FFTW / fftw3

DO NOT CHECK OUT THESE FILES FROM GITHUB UNLESS YOU KNOW WHAT YOU ARE DOING. (See below.)
GNU General Public License v2.0
2.67k stars 652 forks source link

Cross compiling FFTW for ARM Neon #280

Open damaBeugXam opened 2 years ago

damaBeugXam commented 2 years ago

I am trying to compile FFTW3 to run on ARM Neon (More precisely, on a Cortex a-53). The build env is x86_64-pokysdk-lunix, The host env is aarch64-poky-lunix. I am using the aarch64-poky-linux-gcc compiler. I used the following command at first: image The compiler did not support the -mfloat-abi=softfp and the -mfpu=neon. It also did not let me define the path to the sysroot this way. Then used the following command: image This command succeeded with this config log and this config.h. Then I used the command make then make install. I then copied my shared library file into my host env and used fftwf_ instead of fftw_ in my code base. The final step was to recompile the program. I ran a test and compared the times for both algorithm using <sys/resource.h>. I also used the fftw[f]_forget_wisdom() on both algorithms so that It can be fair. However, I am not getting a speedup. I believe that using an SIMD architecture (NEON in our case) would accelerate the FFTW library. I would really appreciate if anyone can point out something that I am doing wrong so that I can try a fix and see if I can get the performance boost I am looking for.

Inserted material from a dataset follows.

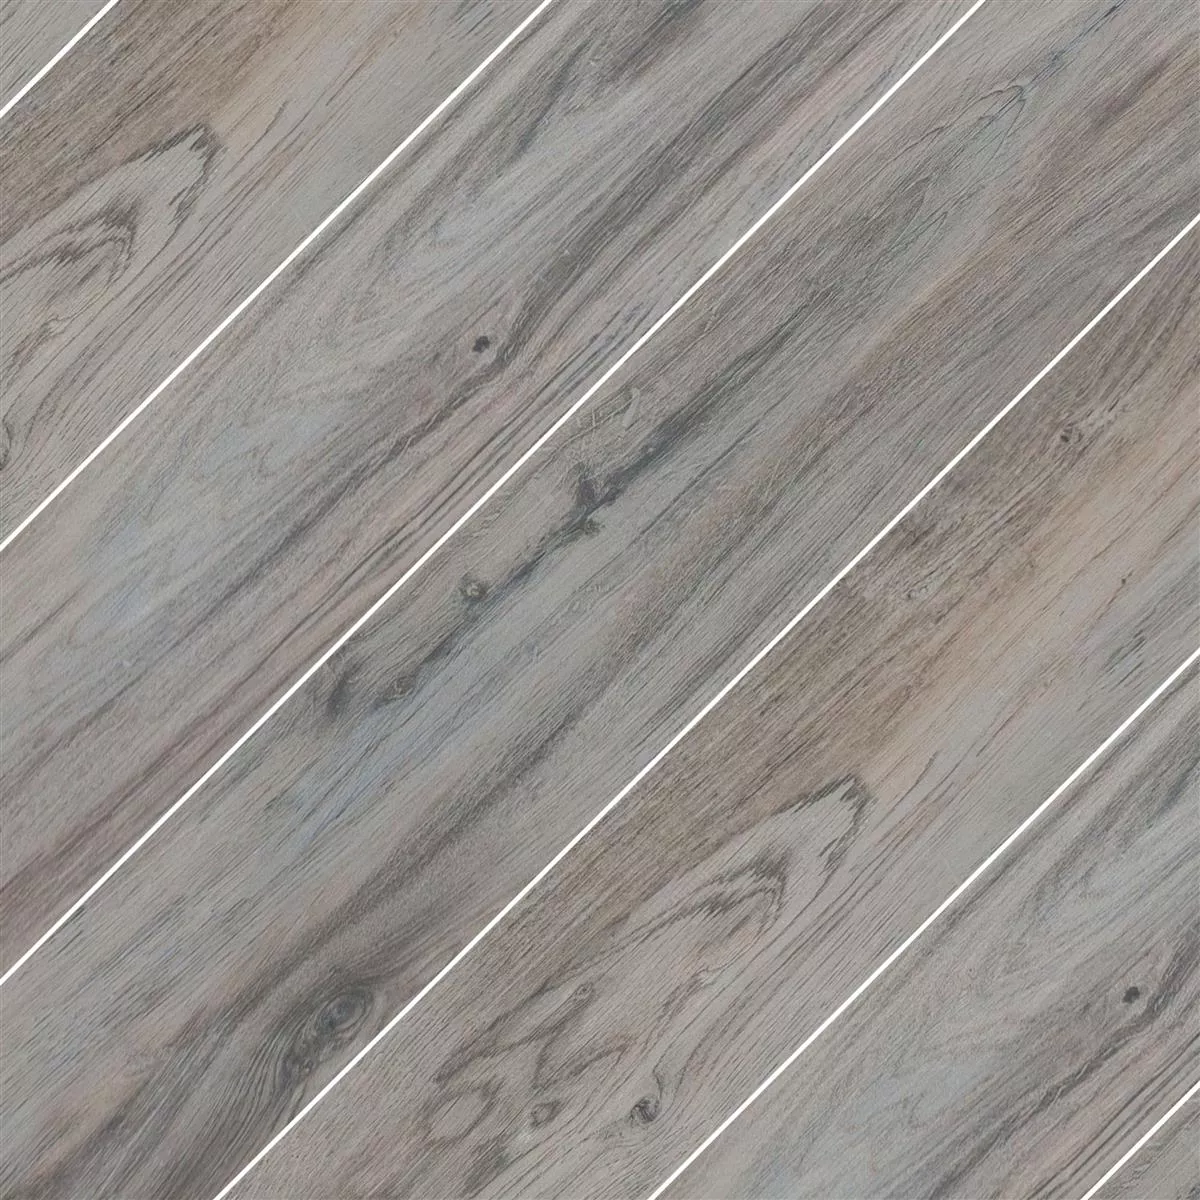 Sample Floor Tiles Wood Optic Fullwood Grey 20x120cm
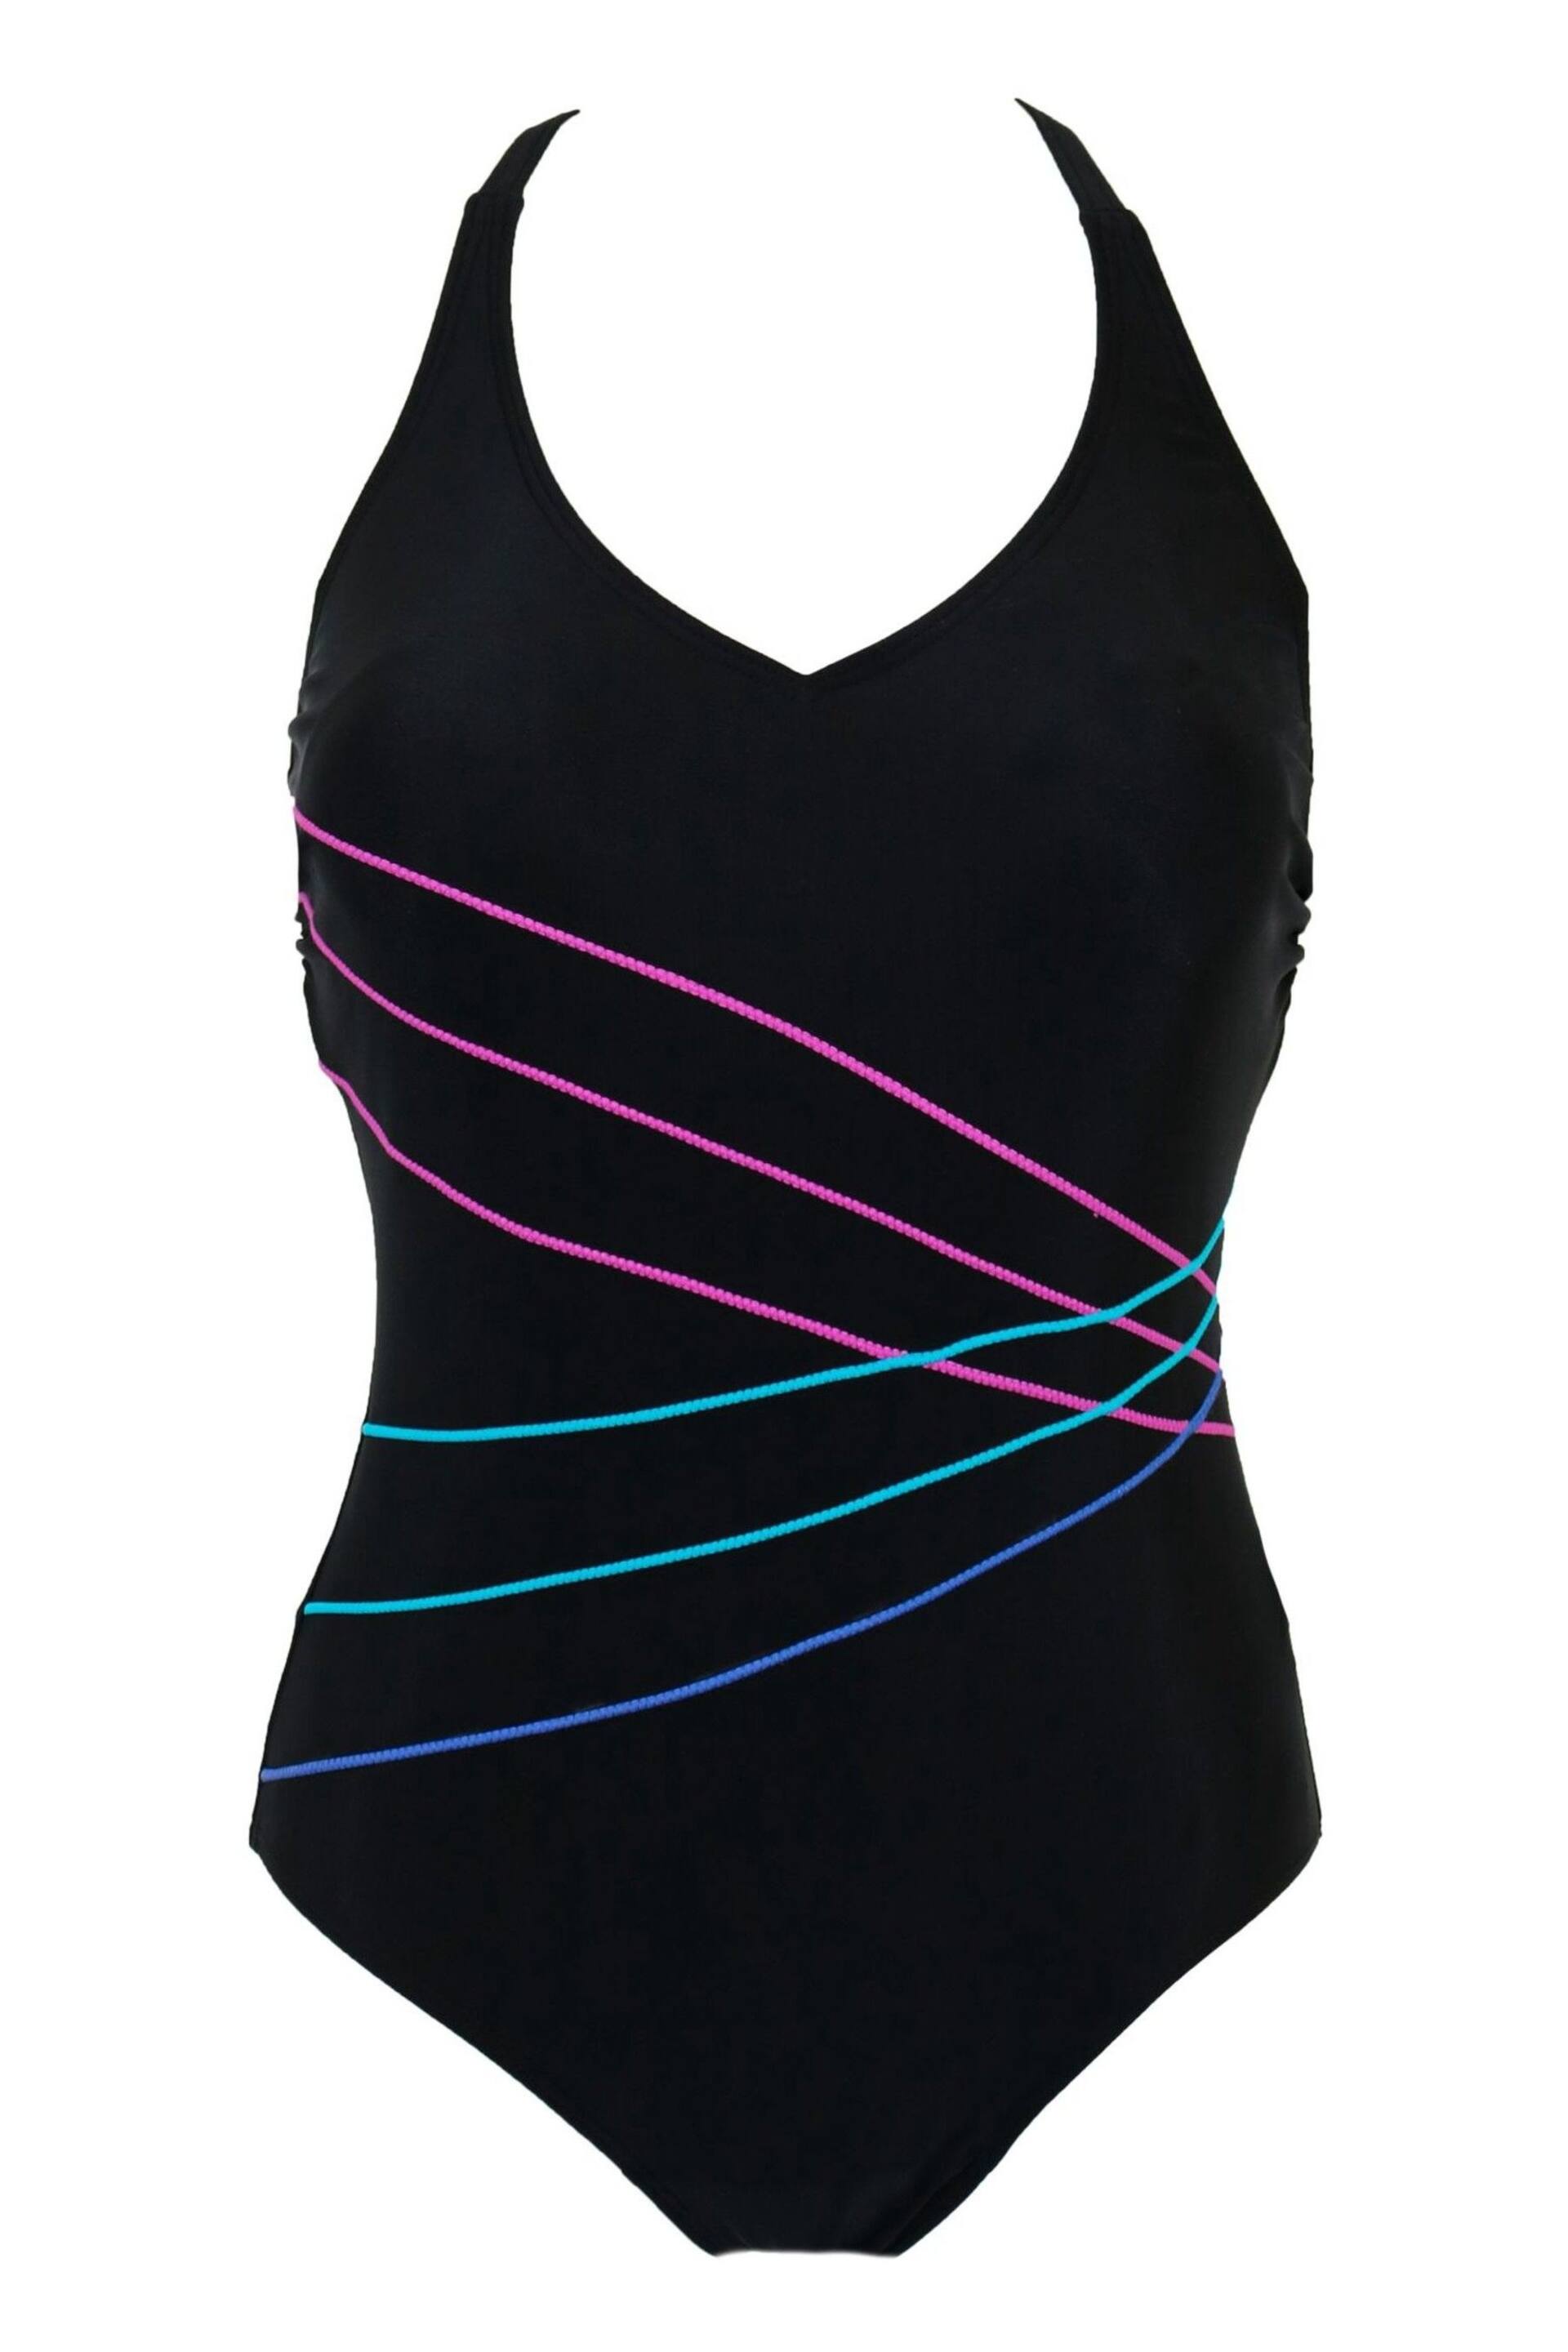 Pour Moi Black & Purple Energy Chlorine Swimsuit - Image 3 of 4

rdolbeau commented 2 years ago

(a) efficient use of SIMD & scalar requires planning with 'measure' or higher and not 'estimate' (although 'estimate' will likely favor SIMD over scalar); (b) you can use fftw_print_plan() to see the plan and check NEON is being used; the format is not very readable, but codelets appear as 'n1_16' and similar with SIMD as suffix, such as 'n1_16_neon' ; if NEON is not used, try with both 'estimate' and 'measure' as the library will ignore SIMD in 'measure' mode if it's not faster than scalar; (c) the A53 may not have any significant performance advantage running NEON code over regular scalar code; it was designed for mobile efficiency rather than FP performance (and it's nearly a decade old by now). I don't have numbers for the A53, but for instance the A7 took 4x as long to do 4x (Q-form) FP32 SIMD as to do scalar FP32, so NEON isn't very useful on the A7 except for the extra register space.